On Sunday, 20 January, 2019 16:32, Thomas Kurz <sqlite.2...@t-net.ruhr> wrote:

>Just for curiosity: how do other DBMS (MySQL, etc.) solve this issue?
>I guess the keypoint is that no matter where the query comes from,
>the database files are always under control of the same process which
>then can take care of the correct order in which to read and write
>data.

>But the problem that the same database page cannot be written to from
>2 different statements (or being read while another statement is
>writing into it) should arise there as well, shouldn't it? However, I
>have never seen MySQL return some kind of "busy" (whatsoever it may
>be named there).

>As I said, just for curiosity - no offense against SQlite because I
>can well understand the problem that SQlite has to deal with :-)

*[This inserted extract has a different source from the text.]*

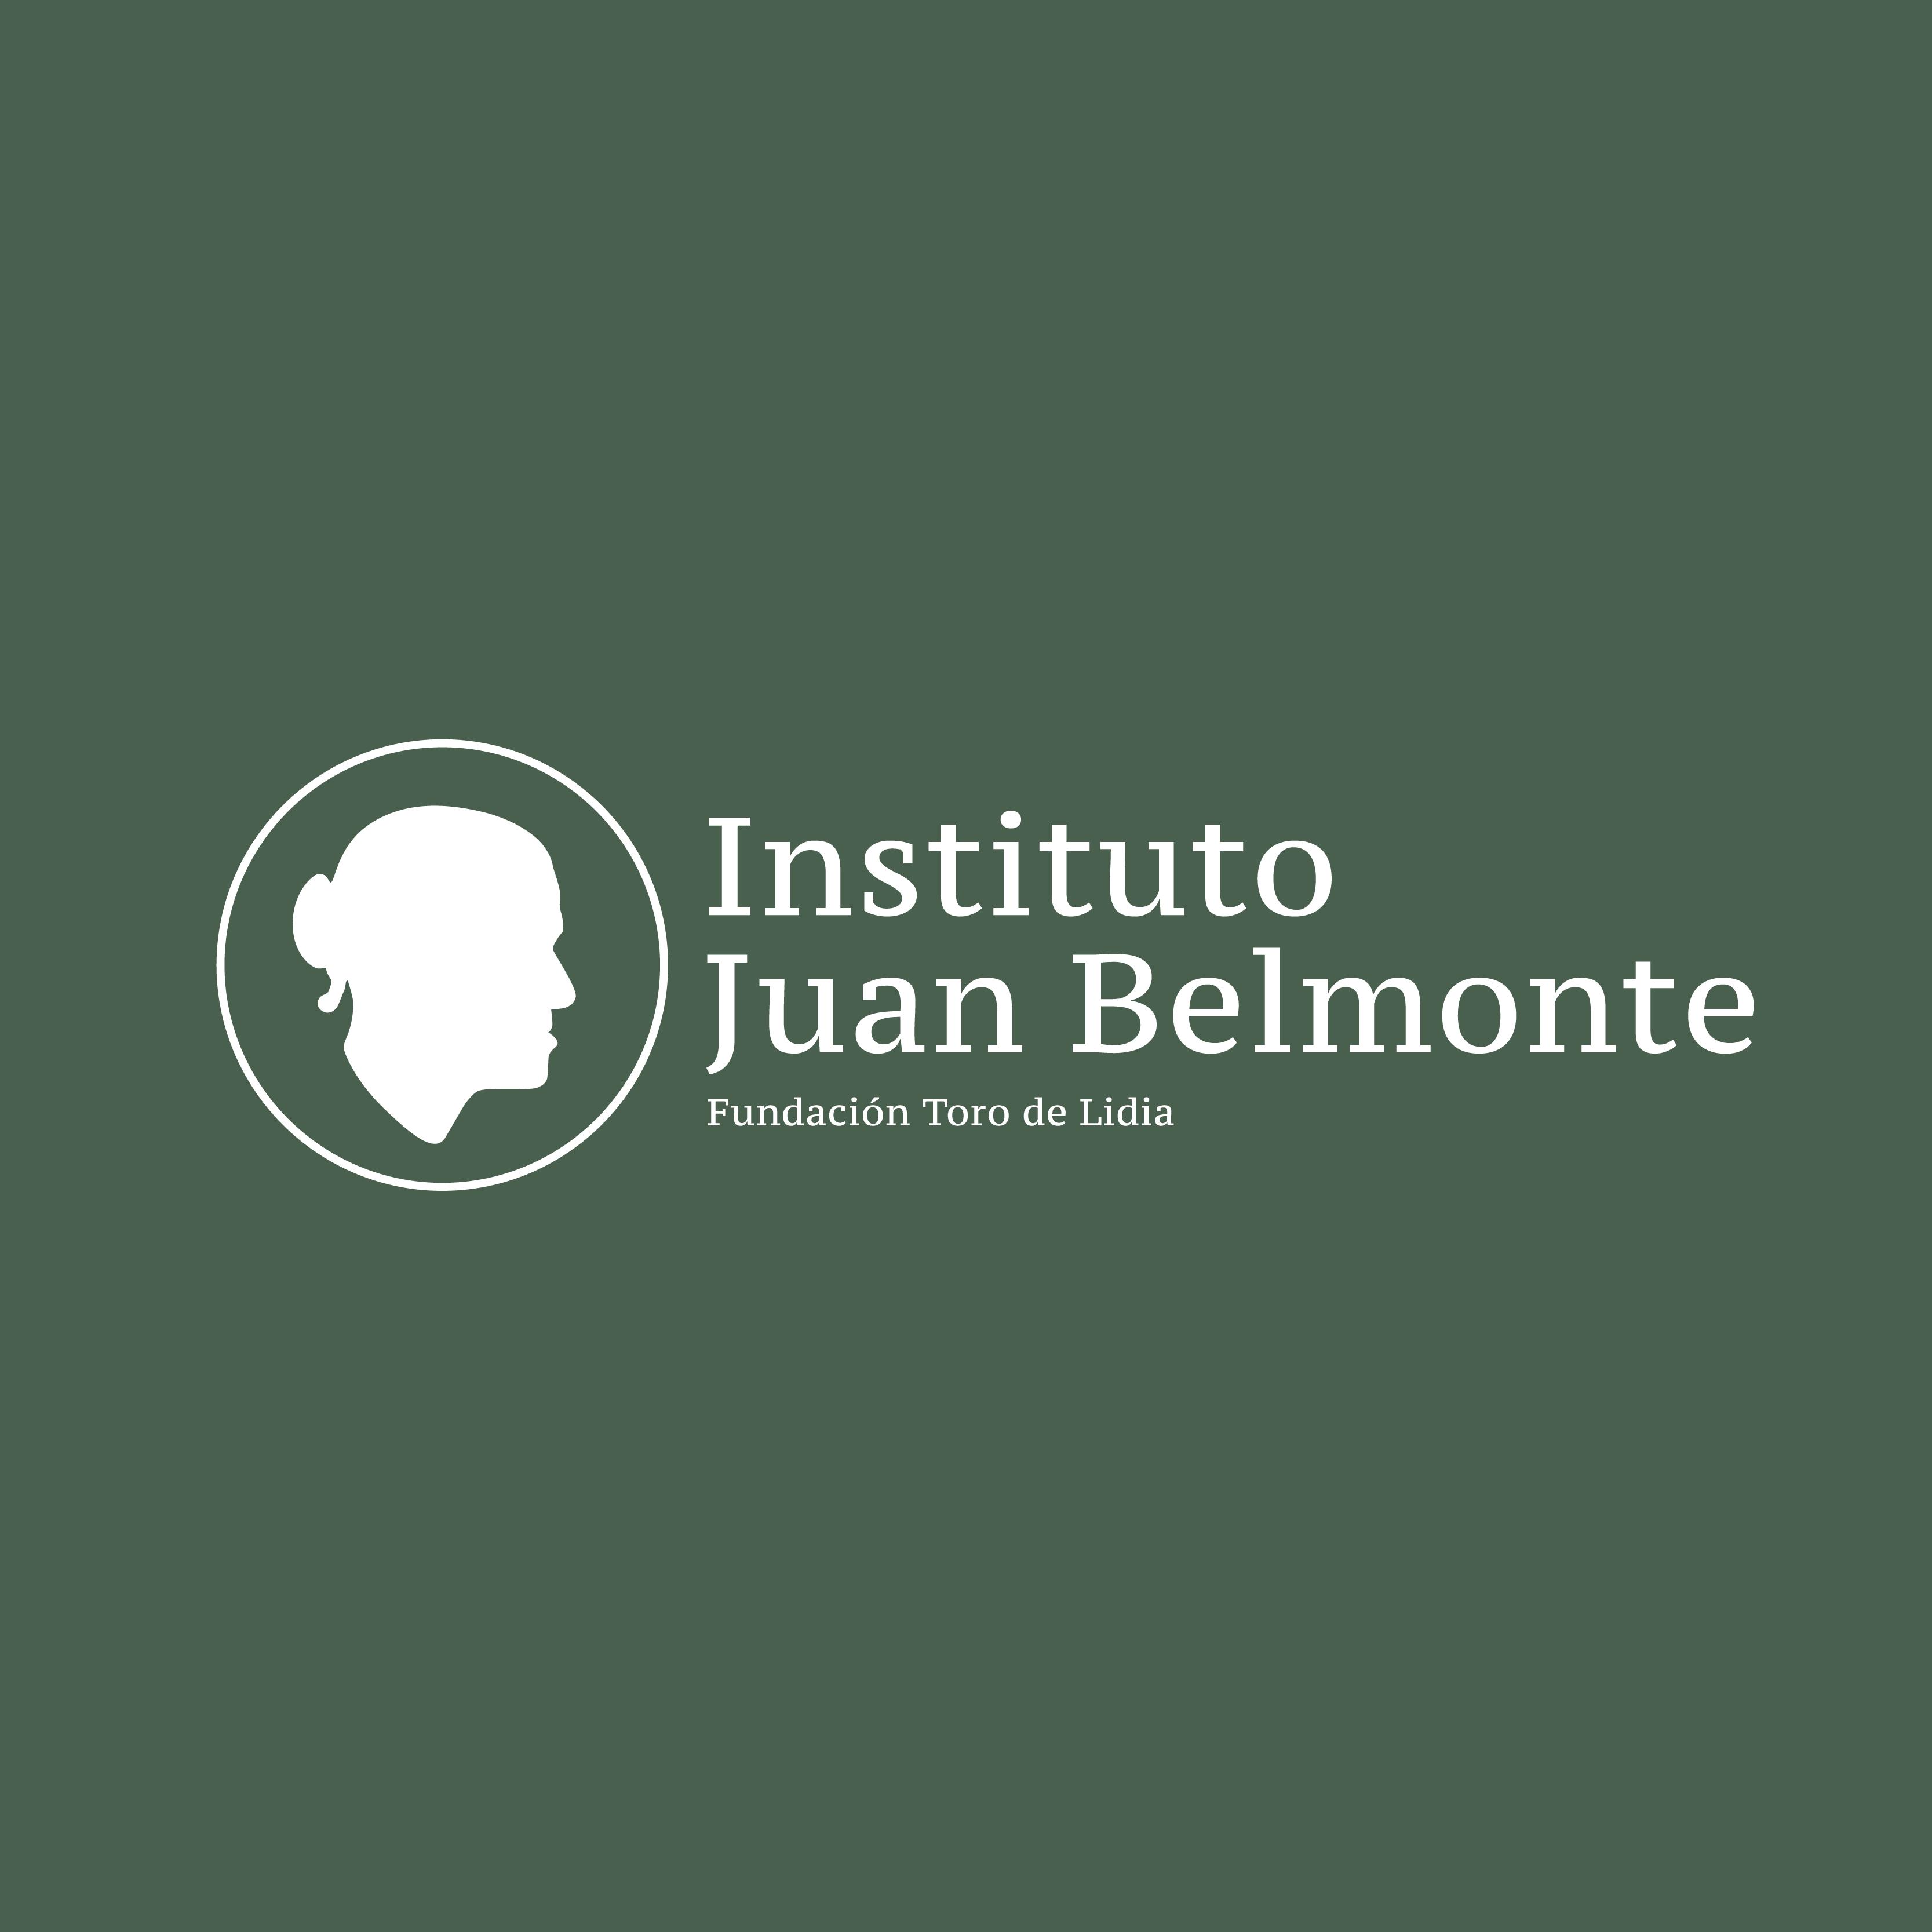 La Fundación Toro de Lidia crea el Instituto Juan Belmonte

The "other DBMS" to which you refer are all of a class called a Database 
Server.  As such they are accessed remotely and thus have huge latency between 
when "your application" requests for something to be done and when that request 
gets to the server so that it can be processed.  This means that these database 
engines have to be optimized for concurrency and this is done by using what is 
called "row level locking" in which locks apply to a specific row in a specific 
table.  You can indeed "write" the same page at the same time from a single 
process, you just need to make sure that the row of data that "A" is writing to 
is not the same row of data that "B" is writing to.

Furthermore, many client/server systems use the "opportunistic locking" model 
which is based on the "plow ahead at full speed but keep enough history to go 
"Oh Shit" when required" because it is probabilistically unlikely that your 
1000 clients will all try and modify the same thing at once and you only need 
to be able to detect that and go "Oh Shit" when necessary.  On the balance the 
"plow ahead and pray" (also known as opportunistic locking) works adequately 
for most things.  That is, it is probabilistically unlikely that your clients 
will all try to update the same row in the same table at the same time (a given 
customer can only be calling ONE of your 5000 customer service representatives 
to update their shipping address, for example, so having TWO agents submitting 
an update for the same row at the same time is extremely highly improbable).  
And if they do, you can raise the "Oh Shit" flag and cancel the transaction(s).

So a client/server architecture has massive latencies on the order of hundreds 
of milliseconds but uses very fine grained locking to allow thousands of 
turnarounds to occur simultaneously and the updates to "appear to a lay 
external observer" to be occurring concurrently.

SQLite3 however has latencies on the order of microseconds and does not need to 
utilize the overhead associated with managing such fine grained locking in 
order to obtain the same or better local throughput, and being a local database 
at the whim of one client application accessing the database, it does not have 
the same opportunity for opportunistic behaviour as does a client/server 
database which may be serving thousands of concurrent (but different) 
applications.

---
The fact that there's a Highway to Hell but only a Stairway to Heaven says a 
lot about anticipated traffic volume.